Continual monitoring and testing are needed to ensure that the model does not drift, and that bias is not present.
Make Audit Principles explicit upfront to set clear expectations for the public (note that the Global Partnership on Artificial Intelligence (GPAI) is currently developing Audit requirements).
Understand the appropriate place for a human-in-the-loop.
Provide training for those who will use the AI.

Getting informed consent

Steps to support informed consent when developing a survey

Create a clear Information Sheet with important information, rather than embedding this in the survey itself where it could easily get lost.
Add in some Consent Statements at the start of the survey that convey exactly what participants are clicking ’Agree‘ to....,i.e. that they have read and understood the Information Sheet, had the opportunity to ask questions, know that they can withdraw, and—in cases of data matching—agree to this (e.g., that their responses will be linked to a limited set of variables for the purposes of this study only).
Identify the parties involved in collecting, processing and managing the data, including branding logos.
Identify the project leader or contact person by name and provide fulsome contact details, not a generic email. Whom should participants contact if they have questions/ complaints, or wish to withdraw?
Consider a contact for Māori Cultural Support and any other counselling/ support that may be helpful, depending on the nature of questions being asked.
Explain how the individual's contact address has been obtained.
Detail the anticipated benefits, explaining who will be interested in the results.

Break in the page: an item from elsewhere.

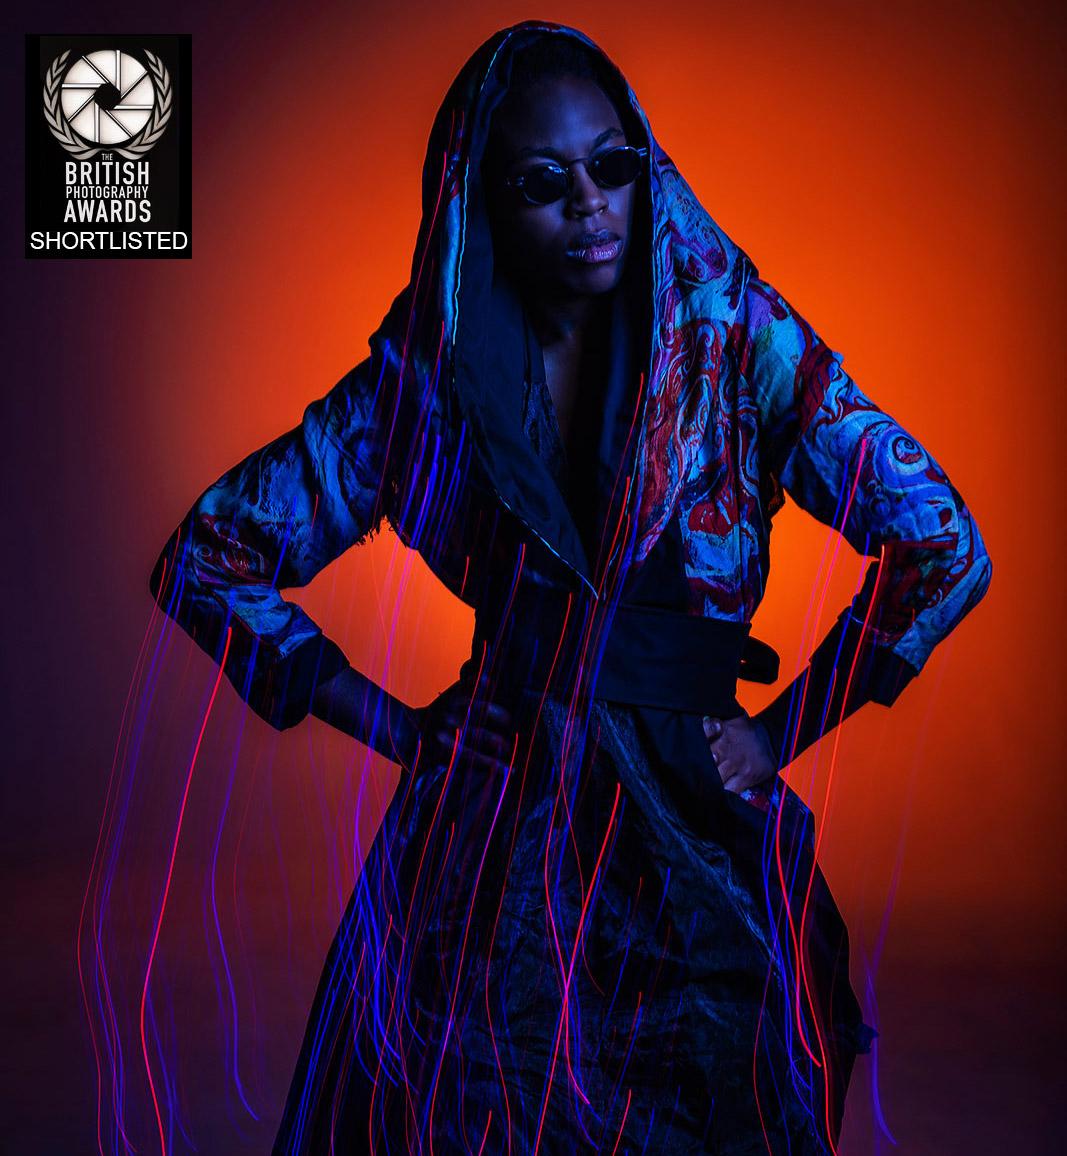 Fashion photographer birmingham, Model Christina Mcintosh wearing Disorder clothes by Paul Ward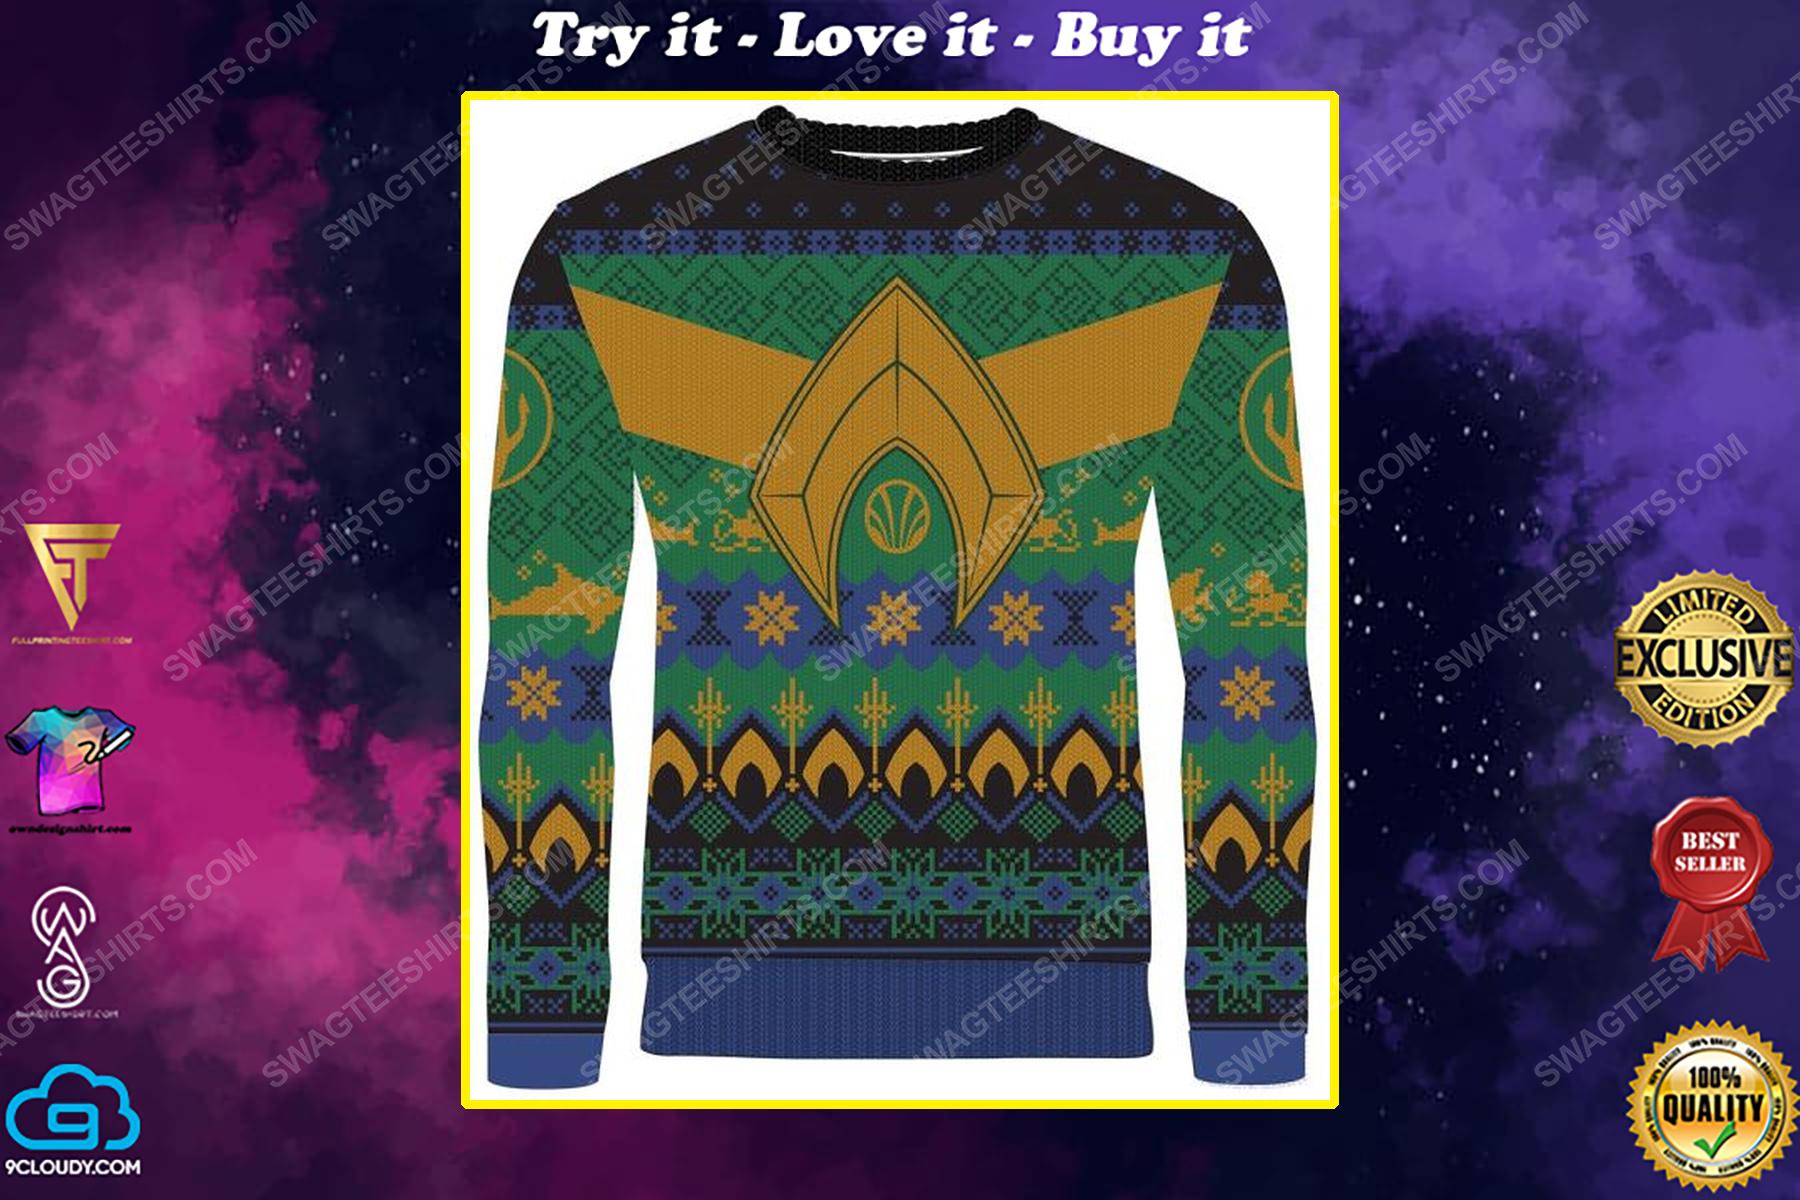 Atlantean tidings full print ugly christmas sweater

Some history of the survey and the gains that have resulted would provide valuable context.
Insert a withdrawal statement, providing an indicative date up to which it is possible to withdraw data identifiable as belonging to a person, even if they have completed and submitted the survey.
Explain any consultation on the data collection/survey approach.
Provide reassurance where possible, e.g., when data will be deleted, who will have access to it, if it will be deidentified, what it will and won’t be used for, and that it won’t be used for any other purpose.
Distinguish the management of identifiable and coded/anonymised data (access, storage, destruction).
Consider using a diagram/flow chart for those who are more visual, to show what happens to their data, e.g., the data sources, the flow of data, any sharing data with other parties, and the various gates data moves though for linking, de-identifying, etc. over the study lifecycle.